Metals are of course only a small part of the China growth/globalization story, but they illustrate what can happen when investors see a paradigm shift coming and figure ways to position for it.

Where Are We Today?

The green transition is following in the footsteps of major paradigm shifts past. A surge in investor interest at the start pushed values and expectations up too much too quickly. The reset from that coincided with compounding macroeconomic forces that are prolonging the bottom. The next phase of the shift, grounded in real needs and real answers and likely to generate bigger returns, is still ahead.

The initial surge in green investor interest is probably best captured by the performance of ESG (environmental-social-governance) funds.

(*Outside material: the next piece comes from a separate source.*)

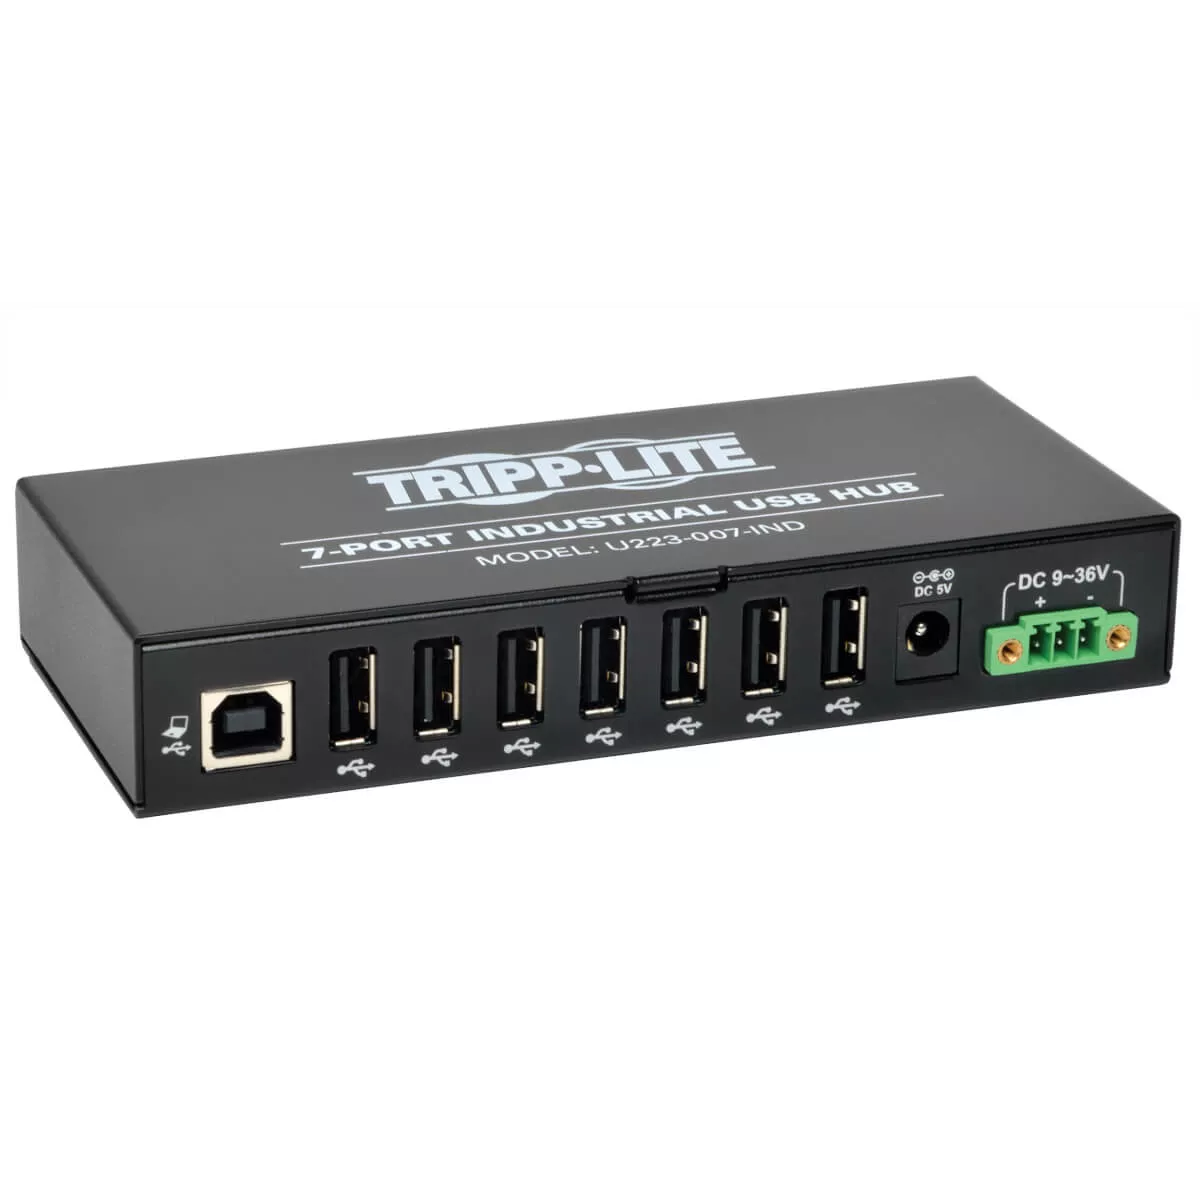 Revendeur officiel Switchs et Hubs EATON TRIPPLITE 7-Port Industrial-Grade USB 2.0 Hub 15kV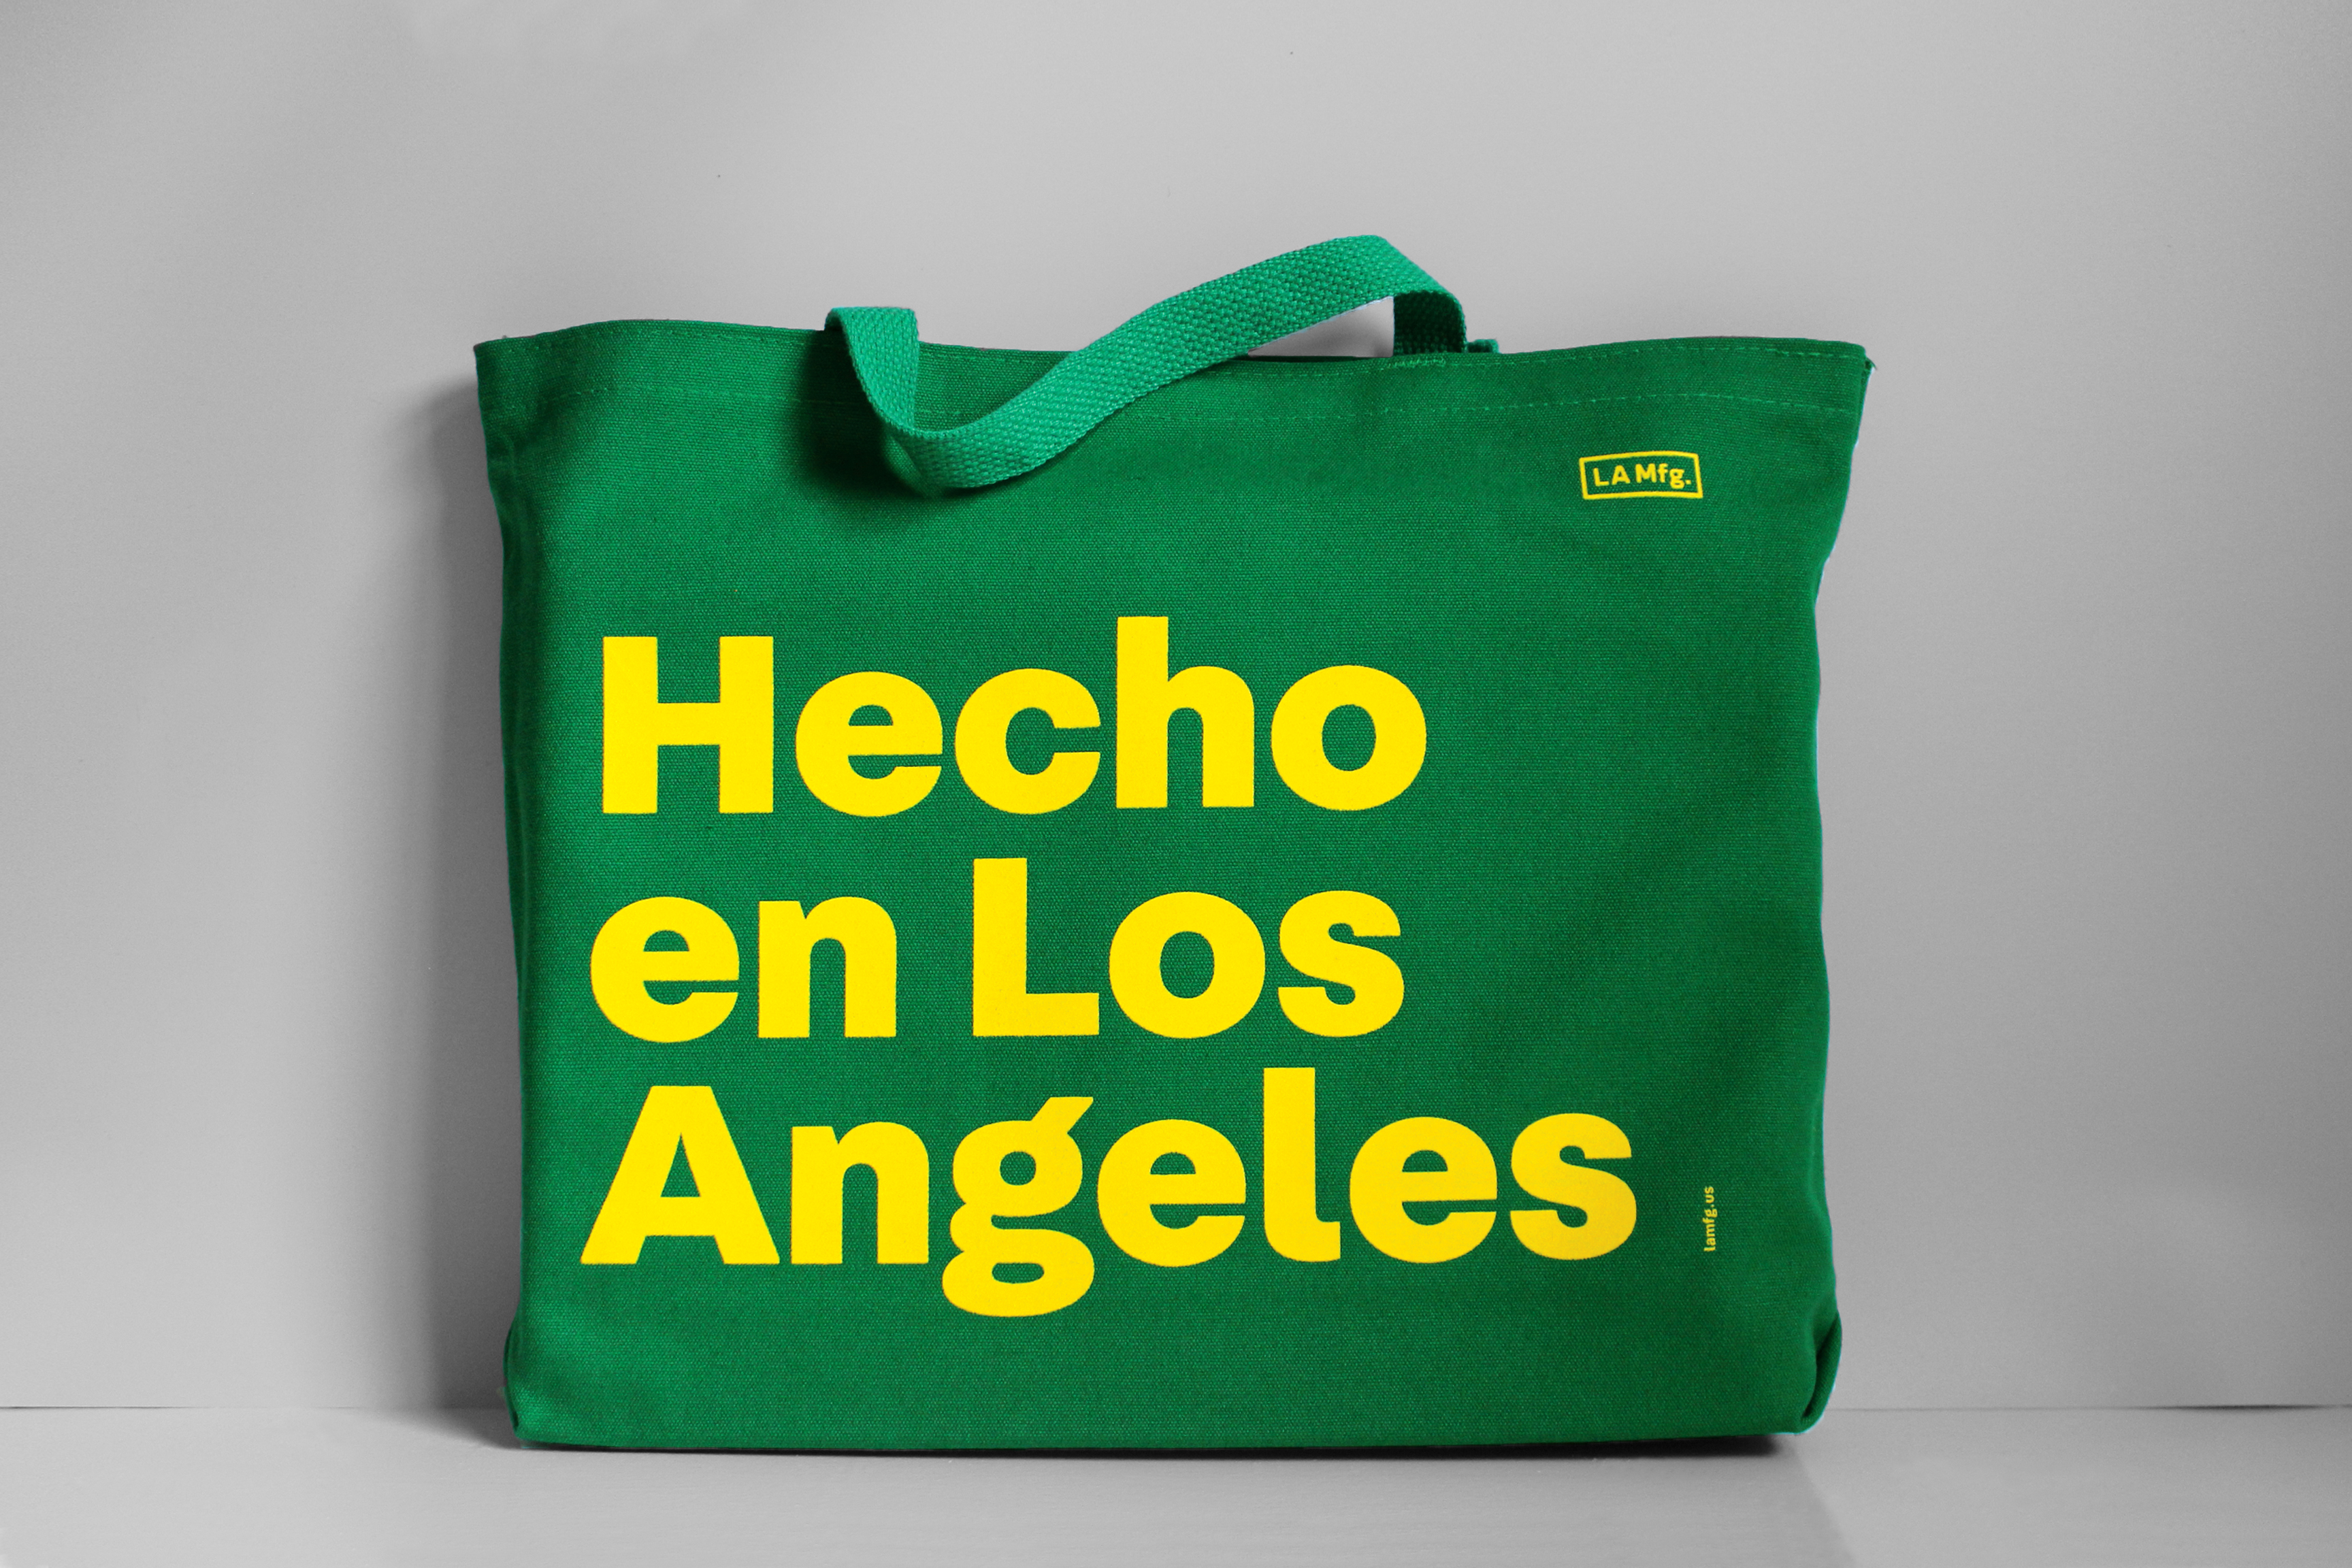 Los Angeles Dodgers Patterned Tote Bag

Exchange-traded funds (ETFs) focused on ESG outperformed the markets in their early days (they got going around 2010). Then the shine came off ESG for a range of reasons – lack of clear definition that allowed all kinds of companies (even oil companies making far-future-dated green promises) to get lumped into ESG baskets diminished their appeal, the money printing and behaviour changes following the Great Financial Crisis and COVID created immense opportunity in the broad markets, which reduced the need for targeted investing, and concerns about global growth following COVID have made investors disinterested in assets classes ground in growth, which includes green growth.

Growing pains are part of growing. We’re seeing that very clearly today with carbon credits – the market swooned over this concept in its infancy before abandoning it when evidence surfaced that not all credits were even close to reliable or robust. Carbon credits will shine again because monetizing carbon sinks and carbon output reductions is a necessary part of the green transition, but they are experiencing growing pains right now.

Macroeconomic forces have not helped. Investors have been focused on inflation and rate hikes and AI/big tech and recession worries. Investors have not been positioning for growth. That has left many arenas wanting for attention, including green investing. Green is the new approach to growth, the new frame for how we build and move and develop…so it only steps forward as an investment opportunity when economies are growing.

That will happen again. It might get underway gradually over the next while if we indeed manage a soft landing or it might not happen until after a recession, but it will happen. When investors do focus on growth, it will be like the second wave of the internet boom. Remember how the Nasdaq’s gains from 2007 to today have made the dot com bubble seem nothing more than a blip?! That’s how the next phase of the green transition will feel.